So, if a taxpayer is no longer itemizing, and is required to take an RMD, and ends up giving part or all of the RMD to charity, it’s not a very nice outcome: The taxpayer has taxable income and no charitable deduction.
Hence the need to consider the direct gift to charity from the IRA. There are a few “ifs” to this, but follow through and see if this might apply to your situation: If there is no benefit to itemizing, and if a taxpayer intends to support a charity in any event, and is required to take a required minimum distribution (RMD) from an individual retirement account, making a gift directly from the IRA to the charity makes perfect sense. A gift so made – directly from the IRA to the charity (without going through the hands of the taxpayer) – is not considered as taxable income (and, conversely, no tax deduction is allowed).
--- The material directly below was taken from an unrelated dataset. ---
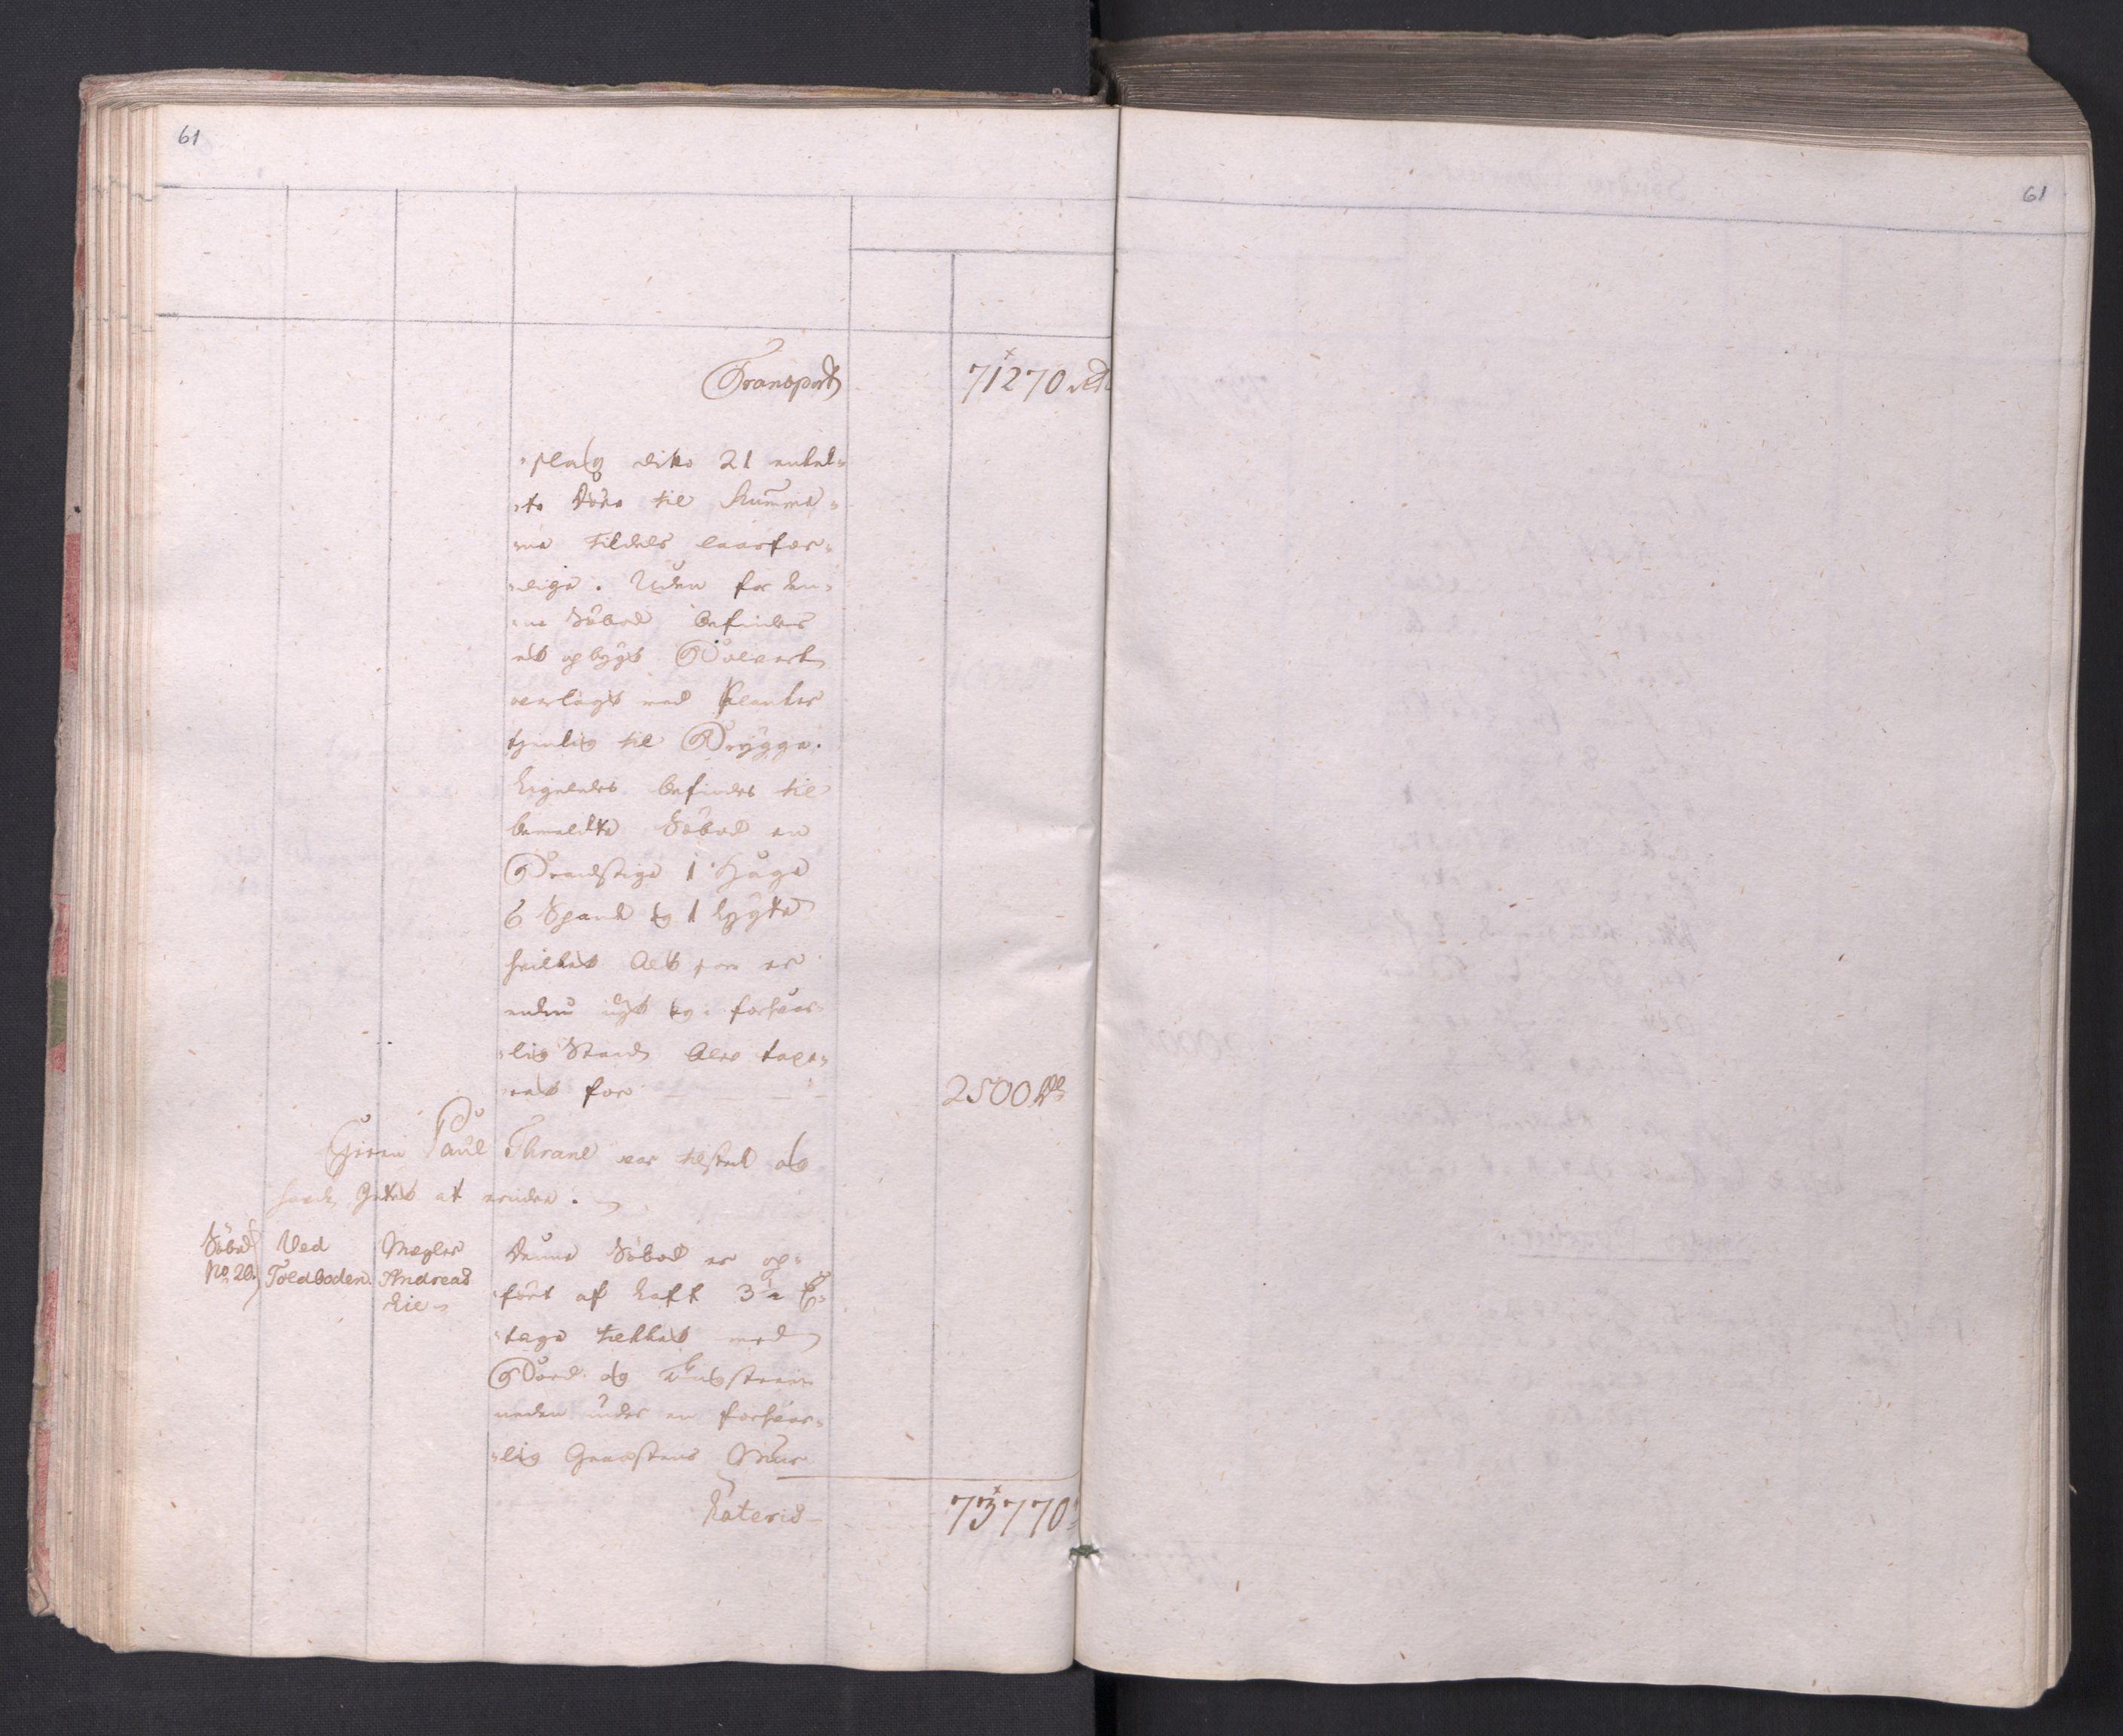 SAO, Kristiania stiftamt, I/Ia/L0015: Branntakster, 1797, s. 61

Up to $100,000 can be donated in this manner on an annual basis. That keeps the taxpayer’s adjusted gross income lower as well, which can help if phaseouts of credits, deductions, or exclusions occur due to a higher AGI. There are very specific rules on how this transaction can be made, the type of charities that qualify (donor advised funds and certain foundations do not quality), and certain custodians may not accommodate a taxpayer’s wishes. Special rules apply as well if the taxpayer has historically made nondeductible contributions to the IRA.
Again, this is a great tool to use, under the right circumstances.